Edwards quit the show by the end of May, and Beutel followed her out a few months later. On November 3, the Monday following its final broadcast, it was replaced with a more well-known, more successful effort, Good Morning America.

==Logo==
The logo for AM America had the letters A and M colored in blue while the rest of the word "America" was colored in red. The "AM" overlapped with "America". A star was placed inside the "A".

==Theme music==
The series' theme music was "Spirit Of '76 (AM America)," an instrumental composed by William Goldstein which was released as a single for Motown in November 1975.

==Franchising==
The AM (city name) name was franchised to ABC stations across the United States, for locally produced morning talk programs (which generally aired during the 9 a.m. hour, after the national program ended; they generally had one or two hosts, and most had a live studio audience, especially during the 1980s).

- AM Los Angeles, the successor to Ralph Story's AM, featured Regis Philbin and Sarah Purcell.

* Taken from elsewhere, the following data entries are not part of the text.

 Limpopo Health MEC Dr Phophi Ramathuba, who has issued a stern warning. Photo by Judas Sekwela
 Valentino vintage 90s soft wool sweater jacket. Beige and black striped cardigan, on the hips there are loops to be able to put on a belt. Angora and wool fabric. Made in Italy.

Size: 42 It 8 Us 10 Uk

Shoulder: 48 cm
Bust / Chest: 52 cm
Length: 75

Purcell was replaced by Cyndy Garvey in 1978, and the show moved to New York City in 1983 (where it replaced AM New York), eventually evolving into the current Live with Kelly and Mark. After the departures of Philbin and Garvey, AM Los Angeles continued on KABC-TV featuring at various points Paul Moyer, Ann Martin, Harold Greene, Steve Edwards, Patty Duke, Cristina Ferrare and Tawny Little until 1991 when the program was replaced by Live with Regis and Kathie Lee.

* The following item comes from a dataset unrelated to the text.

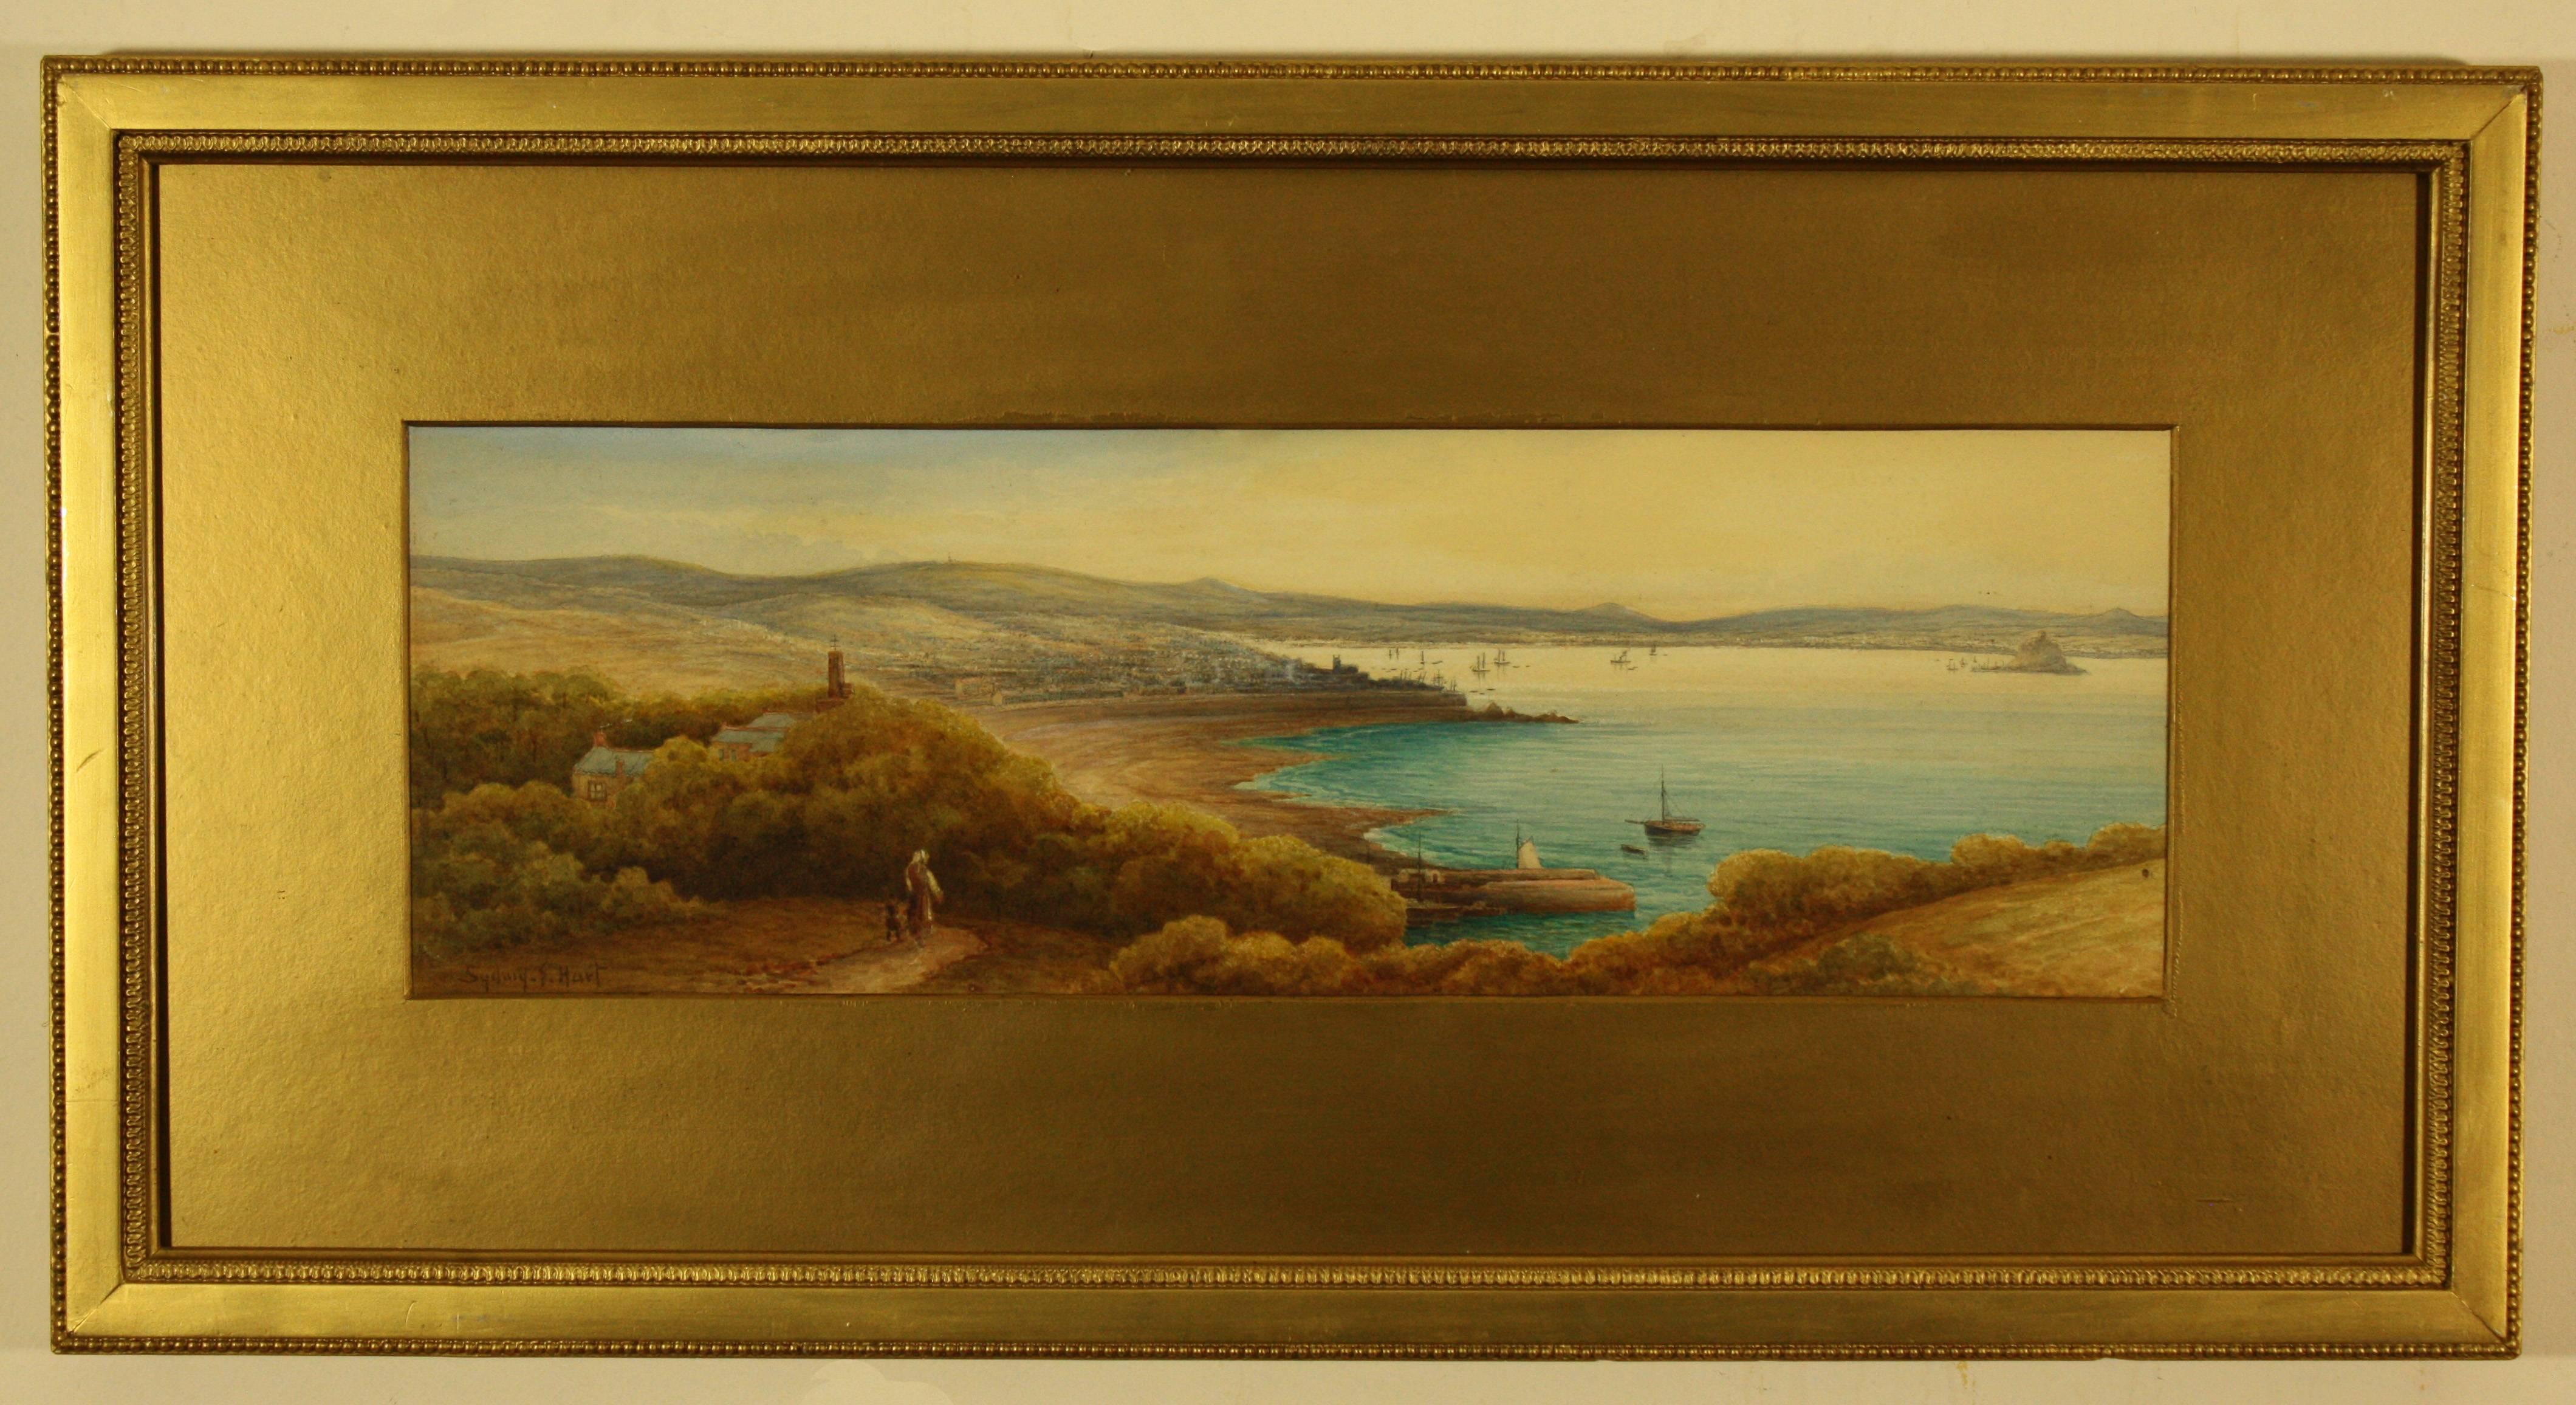 Penzance, Marazion and St Michael's Mount from Newlyn - Painting by Sydney Ernest Hart

- WLS-TV's AM Chicago (itself a successor to the Kennedy and Company series hosted by Bob Kennedy, who would have been an AM America co-host prior to his unexpected death), hosted by (among others) Sandi Freeman, Steve Edwards, John Barbour, Robb Weller, Tim Weigel, John Callaway and Oprah Winfrey. The program evolved into The Oprah Winfrey Show which aired in the former AM Chicago time slot from 1986 to 2011. After Oprah ended, WLS-TV premiered Windy City Live which aired in the same time slot until 2013 when it was replaced by Live with Kelly and Michael (now Live with Kelly and Mark).
- WXYZ-TV had an AM Detroit in the mid-1970s (hosted by Dennis Wholey) which was replaced by Kelly & Company, with former Action News co-anchorman John Kelly and weathercaster Marilyn Turner (a husband-and-wife team), which ran through the early 1990s.

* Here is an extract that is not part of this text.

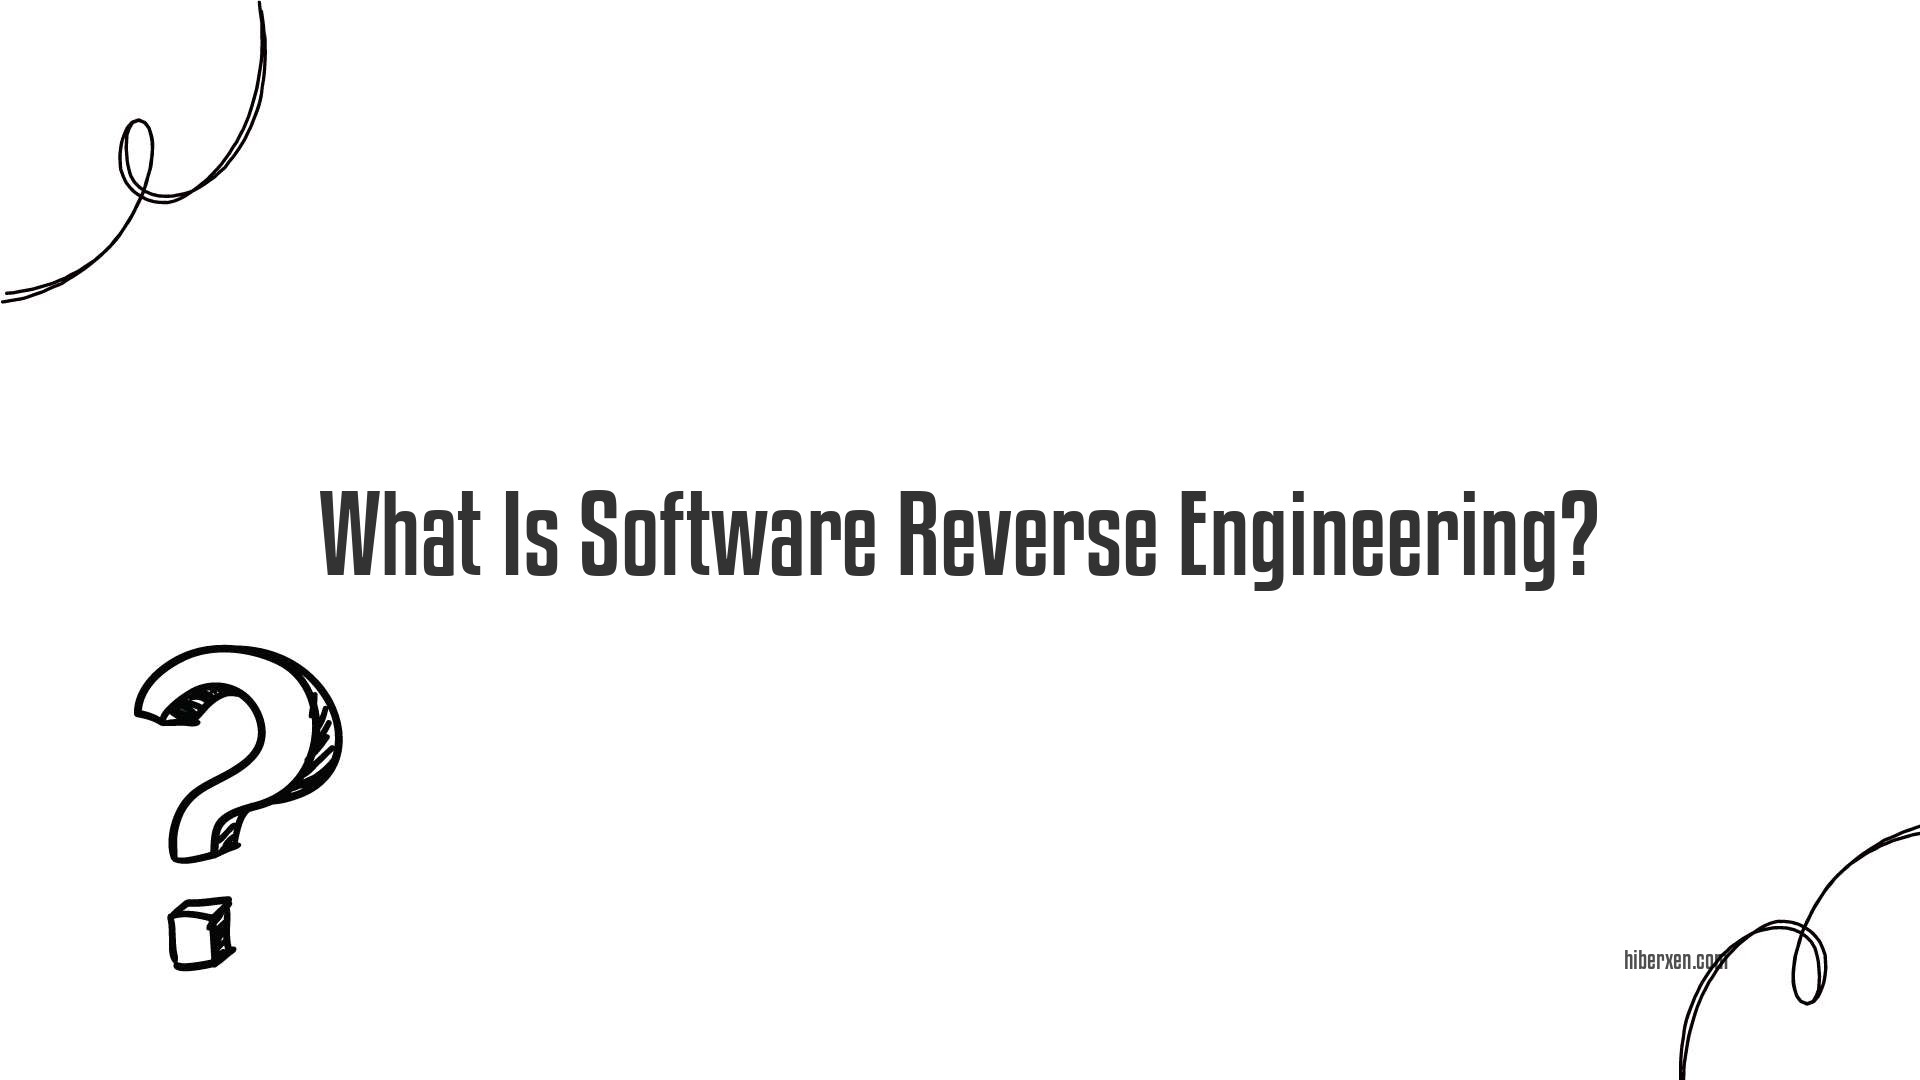 What Is Software Reverse Engineering?

- KGO-TV's AM San Francisco (aired from 1975 to 1988) featured the husband-and-wife team of Fred LaCosse and Terry Lowry. Nancy Fleming co-hosted for a period in the 1970s. Before 1975, the program was simply called AM and was hosted by Jim Dunbar (best known for being a longtime personality for KGO radio). Other hosts of AM San Francisco included Suzanne Somers, Jim Lange and Maury Povich. The show was renamed Good Morning Bay Area in 1988 and ran under this title until being replaced by Live with Regis and Kathie Lee.
- WKBW-TV's AM Buffalo, which replaced a Dialing for Dollars franchise, aired on that station from 1978 to 2023.
- Additionally, KATU in Portland has aired AM Northwest since the debut of AM America. There also was a short lived AM Northwest program on Seattle's KOMO-TV (sister station to KATU) in either the 1980s or 1990s. The KATU and KOMO-TV versions had different hosts and guests, but the debut broadcast on KOMO included on air interaction with the hosts at AM Northwest in Portland.
- Some non-ABC affiliated stations such as CBS affiliate KHOU in Houston and then-NBC owned-and-operated station WKYC in Cleveland formerly used the AM branding for their respectively programs AM Houston and AM Cleveland, respectively (in Houston, ABC owned-and-operated station KTRK-TV, had used Good Morning Houston for its early morning local program).